It has recently been reported that two stepsisters have had to rely on a 1925 law to determine the distribution of their parents’ Estate (https://www.telegraph.co.uk/news/2019/08/13/woman-beats-stepsister-300000-high-court-inheritance-battle/).
In this very sad case John Scarle, aged 79 and Marjorie Scarle, aged 69 both passed away in their home in October 2016, but the order of their deaths is unknown. The couple jointly owned their property together with an account with the Co-operative. This means that the survivor of them inherited the other’s share in the property and bank account.
Where it is not possible to determine the order in which two people have died, s184 of the Law of Property Act 1925 raises a presumption that the deaths occurred in order of seniority. It has therefore been held that Mrs Scarle outlived Mr Scarle and as a result, she inherited the property and the Co-operative account that then passes as part of her Estate to her children.

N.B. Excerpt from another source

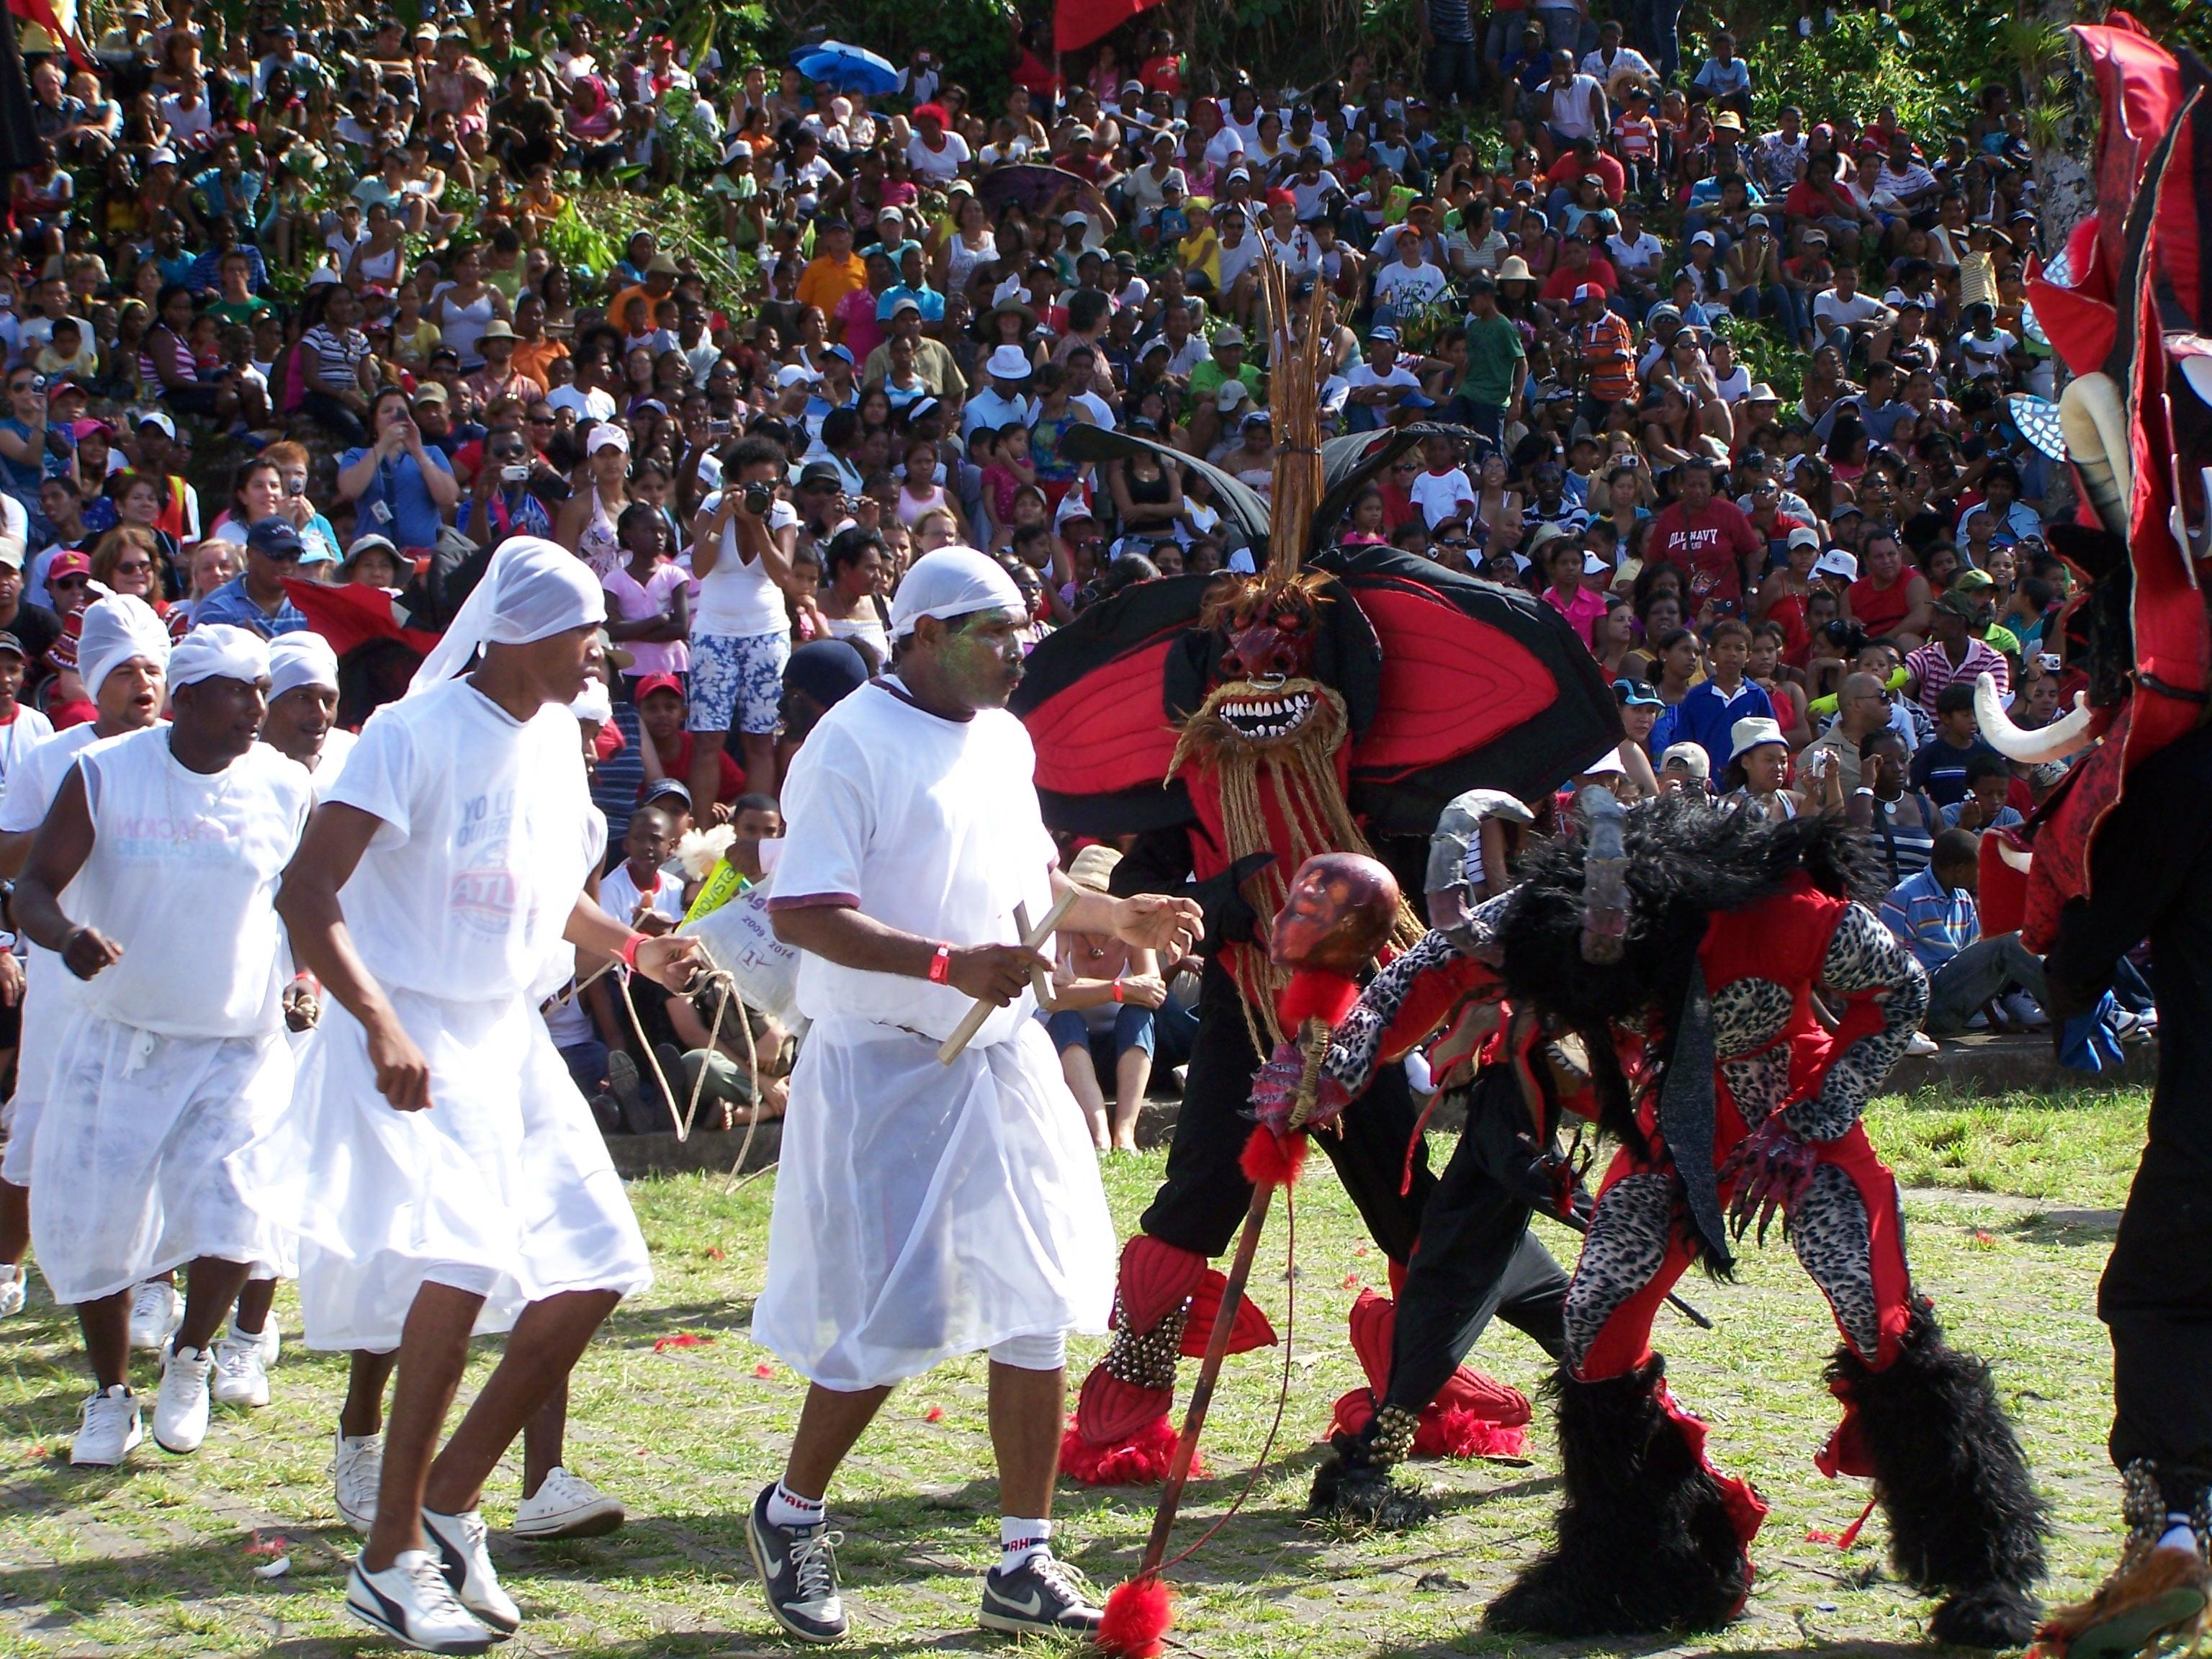 Festival de Diablos y Congos en Portobelo, Panamá

This case has highlighted the importance of making a will particularly where there are children from previous relationships such as in this case. It is also important to consider how assets are owned to ensure that each party is able to distribute their share of the asset in accordance with their own wishes and not leave this up to the survivor of them to determine. The cost for the preparation of a single will is in the region of £275 plus VAT or for mirror wills is in the region of £375 plus VAT whereas it has been reported that the legal costs in determining this case have amounted to around £150,000.